Good stuff. Heady stuff. Can’t-stop-it-now stuff. Who-cares-if-it’s-right-or-wrong stuff. I-don’t-need-to-know-your-name stuff. I don’t even have to like you. You don’t have to like me. I’m hungry; you’re hungry. Let’s eat.
Sex. It’s what’s for dinner ….
Jace pulled his mouth away from hers, pressed his lips to her ear. “You’re vibrating.”
“Tell me something I don’t know,” Chessie all but gasped, trying to catch her breath, as she apparently hadn’t been breathing there for a while. Was surprised she hadn’t forgotten how. He didn’t have to talk. She didn’t need him to talk, preferred he didn’t talk. She just needed. If he didn’t watch out, she might just get there on her own, just from thinking about what she wanted him to do next. She’d never felt like this before in her life. She liked it!
His low chuckle helped bring her back to earth. “No, I mean something in your pocket. I think it’s your cell phone.”
Sanity knocked on the door to Chessie’s libido, and her libido, so entirely unused to company, idiotically let it in.
“Oh. My cell phone. Right. It could be important. I should answer it, huh?”
Jace stepped away from her just as her knees threatened to buckle. “To be continued later?”

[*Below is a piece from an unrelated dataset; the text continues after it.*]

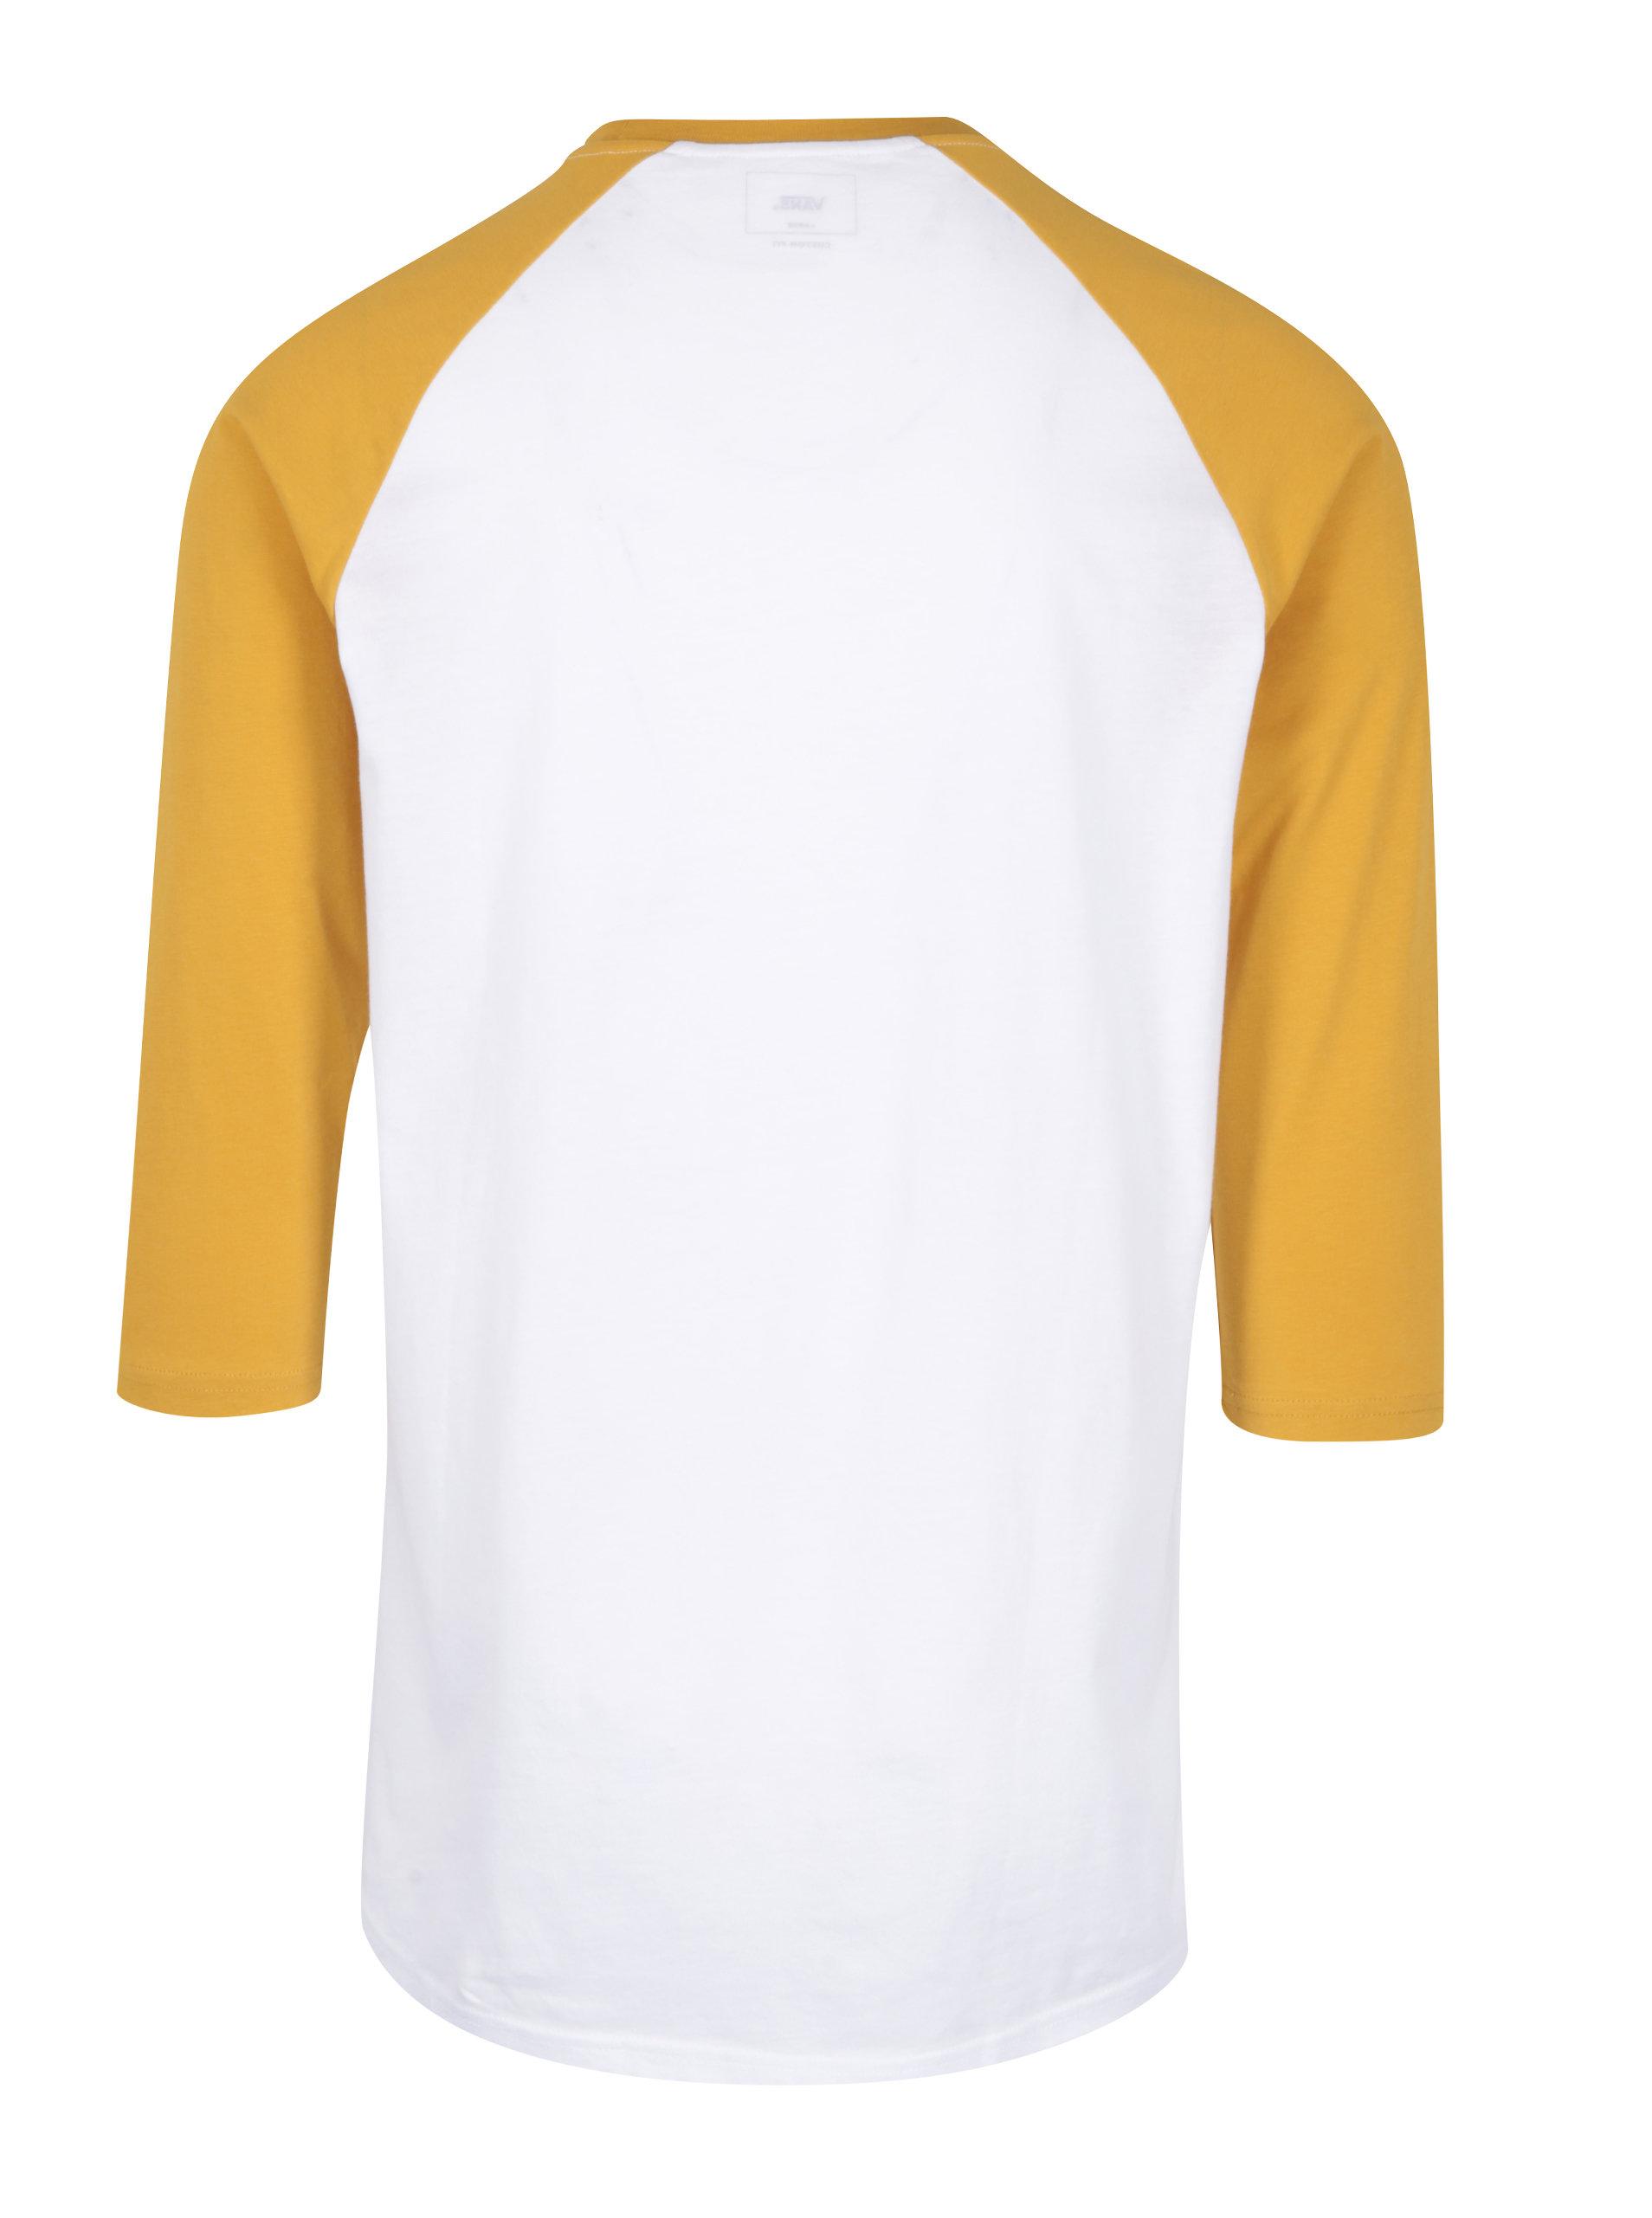 a07087ef71c Žluto-bílé pánské tričko s 3 4 rukávem VANS Classic ...

“Is … is that a question, or are you just being smug?”
“Do you care?”
Things like this didn’t happen to people like her. Sexual innuendo. Raw, primitive lust. Openly acknowledging that, yes, she wanted to have sex with somebody. There was no dance, no courtship, no promises. No flattery or flowers. No agenda or destination other than getting him inside of her as deep as he could go and then watching his face as he drove into her again and again until they both exploded in a physical release that was the entire object of the game.

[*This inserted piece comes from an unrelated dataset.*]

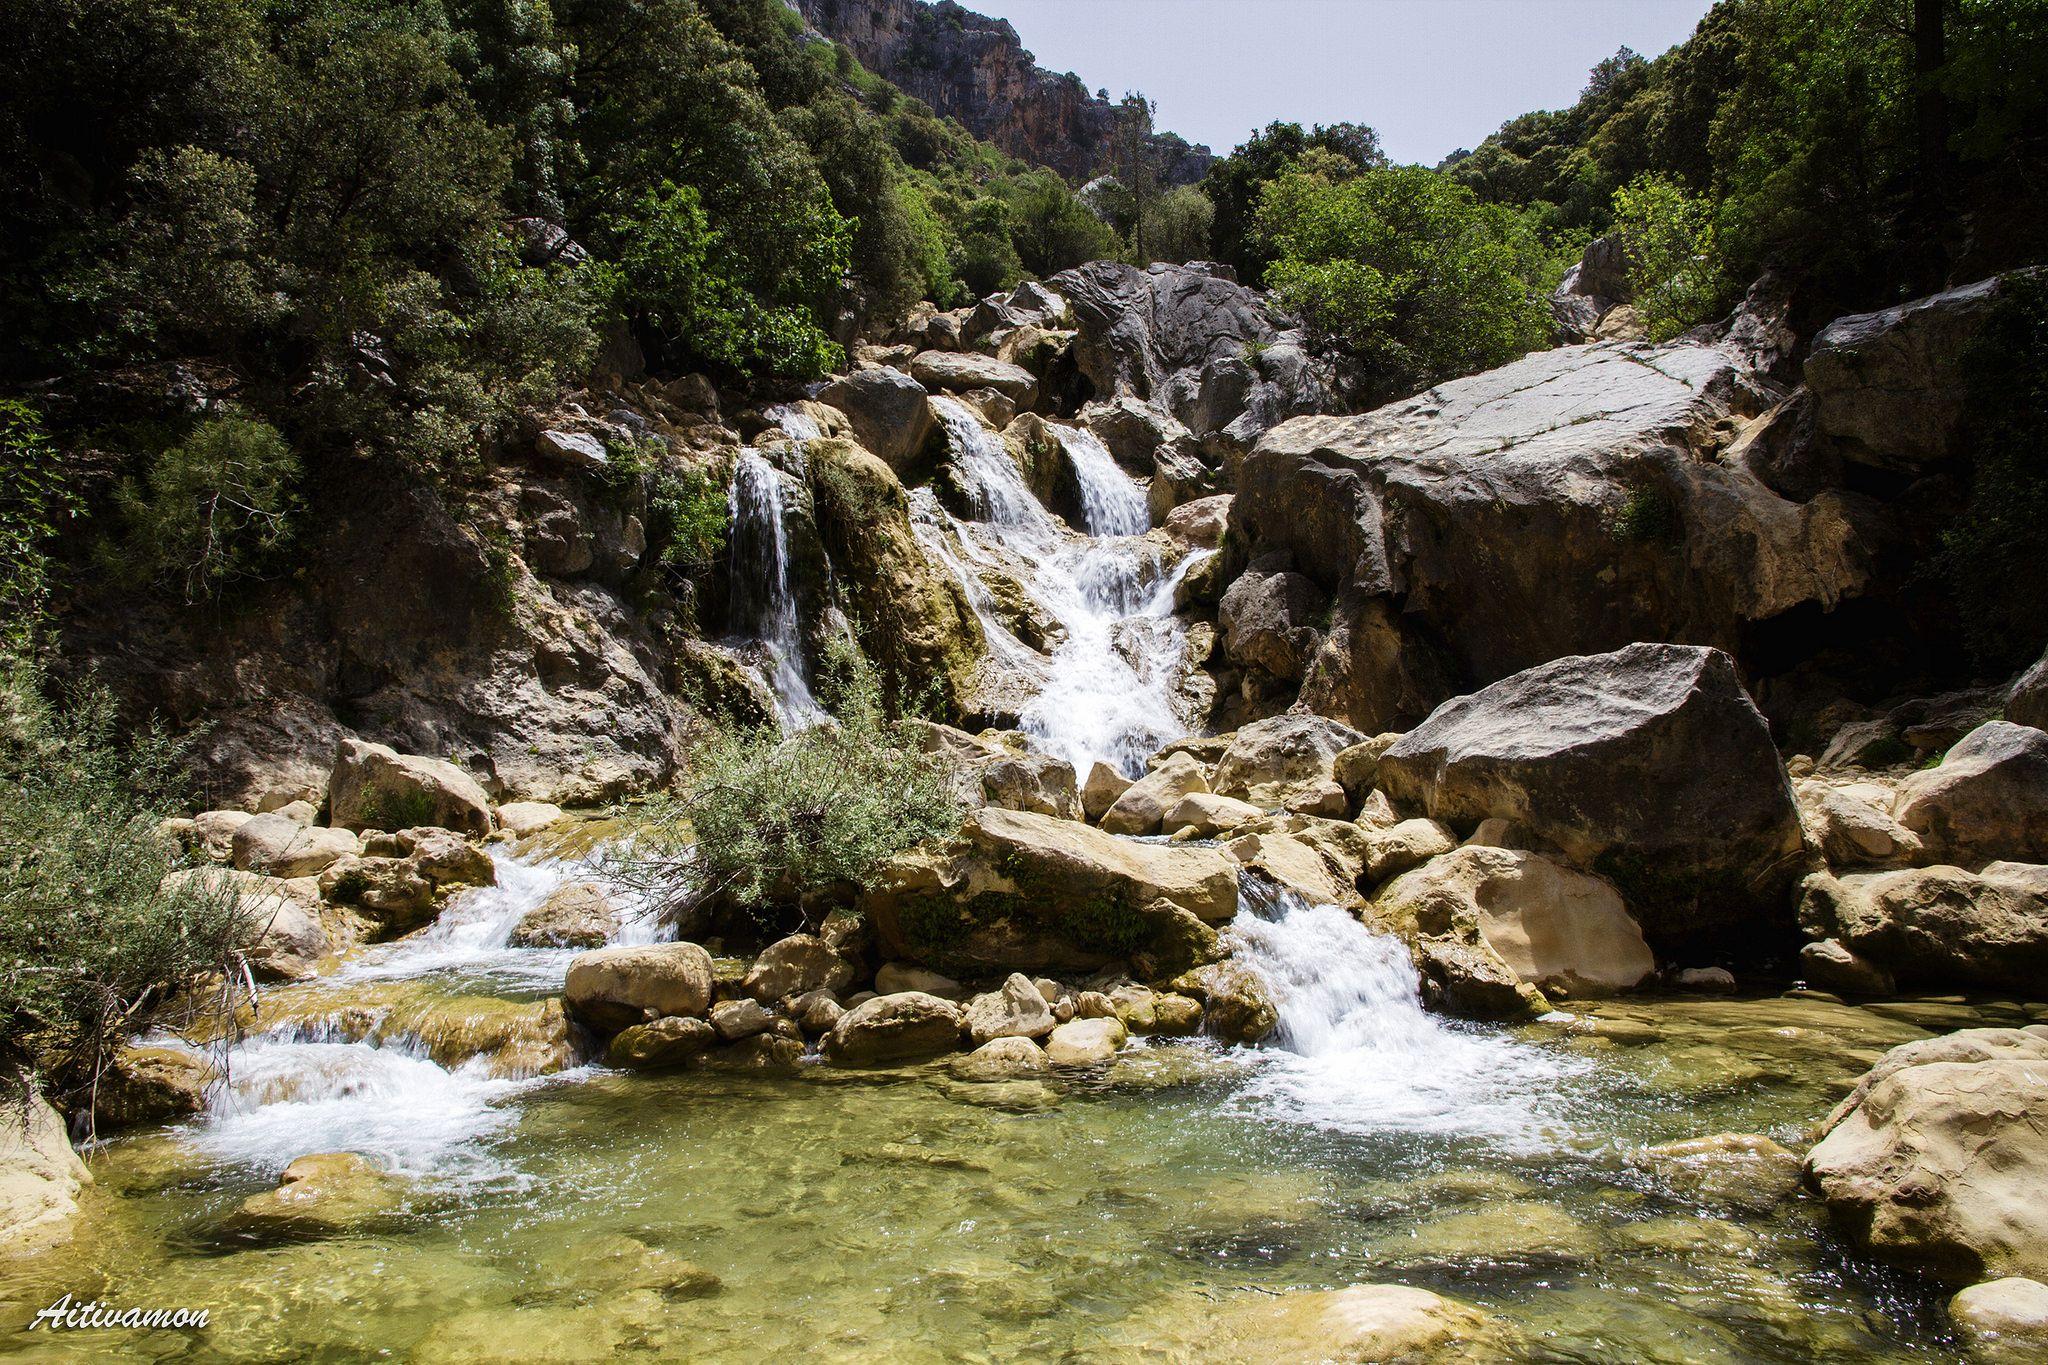 Cascada del río Guadalquivir, Cazorla, Jaén, #Spain

A sudden visual image stole her breath. Her caller could leave her a voice mail.
“I have a date tonight,” she heard herself say. “A blind date. I can’t get out of it. It … it’s for a dinner party at my cousin’s house. If I didn’t show up, it would make the numbers uneven. And I think the only reason for the dinner party is to …”
Jace picked up the plans and his measuring tape and began backing toward the door to the hallway. Was he angry? Did he look angry? Did he have any right to be angry?

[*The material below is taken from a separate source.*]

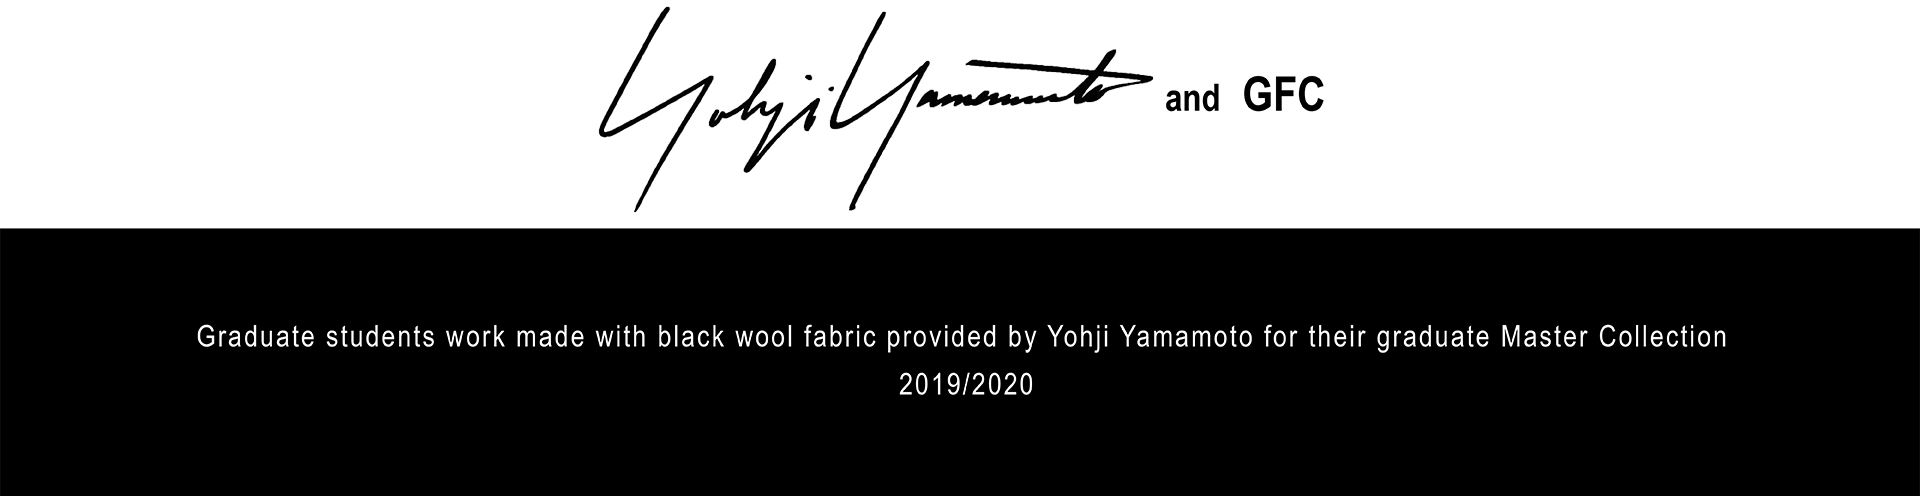 yohji and GFC 2019

Chessie decided he wasn’t angry. And then got a little angry that he wasn’t angry.
Talk about your mixed-up heads—she ought to have hers examined the first chance she got!
“Set you up? Been there, done that.”
“Got the T-shirt?”
“Didn’t want one. I’m not into relationships.”
“I didn’t ask.”
“I know.”
“I’m divorced. I found my wife in bed with another man.”
“I was left at the altar. He ran off with my maid of honor, and I doubt they’d only been sharing longing glances before they hopped that plane to Mexico. Which do you think is worse?”
He stepped back another pace, his eyes still very much locked with hers. “Are we keeping score?”
“I’m just saying. I’m not into relationships, either.”
“Good. Because I don’t want one.”
“No. I know what you want. You made that pretty obvious.”
“I didn’t hear you telling me to stop.”
Chessie pressed her crossed hands against her chest. “Oh, darling, are we having our first fight?”
Jace laughed, shook his head. “You’re something else, Chessie Burton. Don’t make me like you.”
“I wouldn’t think of it. Whatever was going on here had nothing to do with liking. We know nothing about each other. We should probably keep it that way.”
“What was ‘going on here’? Say it, Chessie. We were about to have sex, and if that phone hadn’t vibrated we’d probably be done by now, because there wasn’t going to be anything slow or easy about where we were heading.”
Chessie felt another blush starting and turned her face away from his gaze. “Yes, I know. But you started it,” she said, feeling like a child in a childish argument.
“Let’s at least be honest here, Chessie. We both started it, the first time we saw each other. And it’s not going to go away unless we finish it.”
She turned to answer him, saying what, she didn’t know. But the doorway was empty.
She dropped onto the bed, her chest rising and falling rapidly, as if she’d just run a marathon in some alternate universe, where she was a sex-starved nymph in transparent flowing draperies and he was the flesh-and-bone mating invention of some mad scientist out to re-populate the world with six-pack abs.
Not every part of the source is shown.